This concert by the Charles Evans Quartet can best be described as "jazz chamber music." The Quartet came together on the occasion of the release their second album, On Beauty (More is More Records, 2015) featuring compositions by leader and baritone saxophonist Charles Evans. The group also includes Dave Liebman on soprano saxophone, Ron Stabinsky on piano, and Tony Marino on acoustic bass. The concert was held at the Philadelphia Art Alliance, in its century old mansion that is now a museum of contemporary art. This was to be a serious listening experience.

Jazz chamber music is part of a noble tradition of elevating jazz from its status as a form of entertainment to an important art form often embodying European classical influences. Duke Ellington and the Modern Jazz Quartet were among the progenitors of this approach, which evolved to the point where classical musicians have been included in the ensembles, as was the case in Max Roach's Uptown String Quartet. More recently, iconic players like Charlie Haden, Wayne Shorter, and Brad Mehldau have made excursions into chamber jazz. In Evans' quartet, the musicians are seasoned jazz players who happen to be steeped in classical influences. The Euro-centric effect was carried forward as well in the instrumentation: the absence of drums, and the unusual combination of soprano and baritone saxophones.

Typical of classical music, and unlike the jazz emphasis on separate "tunes," the group performed two lengthy Evans compositions, each consisting of several movements that often wove seamlessly into one another. The first was "Subliminal Leaps," from the group's previous album by that name, the title of which seemed to refer to large tonal intervals that are masked by the activities that surround them. Liebman's pervasive influence (he is one of Evans' mentors and supporters) was felt in the extensive use of chromaticism to create melodic bursts, a seeming contradiction, but the only way to describe the changes in direction that could happen even in the space of two or three bars. The overall effect was of modern classical music with a jazz accent, a reflection of early to mid-twentieth century music where jazz and classical composers often borrowed liberally from one another. On another level, this reviewer even thought he heard resonances of Schoenberg's Verklarte Nachte and Hindemith's Mathis du Mahler, but this may have resulted from the group's invocations of early serial composition and Hindemith's style of orchestration rather than from any specific borrowing.

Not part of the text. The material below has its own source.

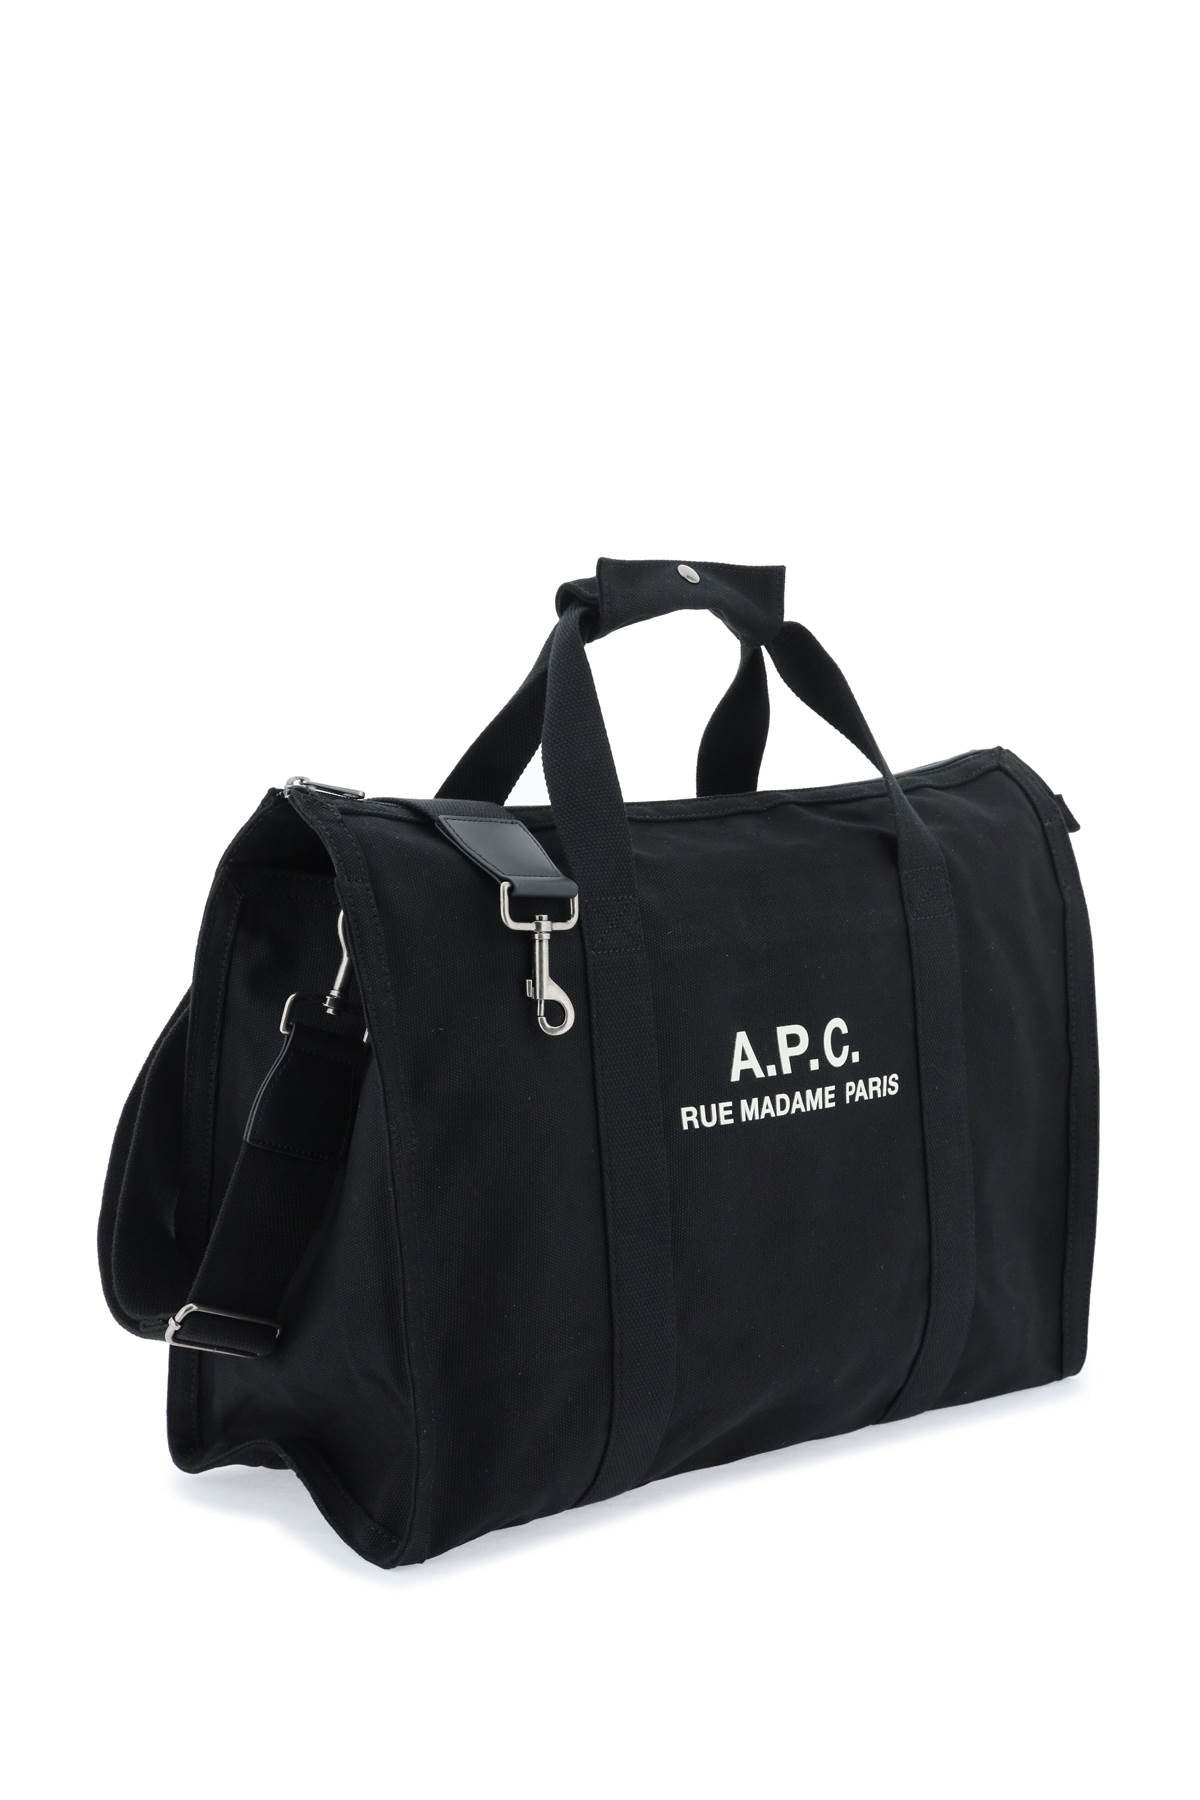 A.P.C. Récupération Tote Bag   Black

In such complex musical expression, the interpretation of what one hears is influenced as much by the listener as by what emanates from the horns. It's what the German philosopher Georg Gadamer called "the meeting of horizons" of the visions of the artist and the observer, the confluence of the cutting edge of understanding of both. It's also like listening for the duck in the wolf's belly: the hidden motifs that underpin the furious changes. In many ways, such a high interpretive standard was set and sustained by pianist Stabinksy's exceptional technique, resilience, and creativity, which added luster and formal structure to the frenetic activity of the saxophones.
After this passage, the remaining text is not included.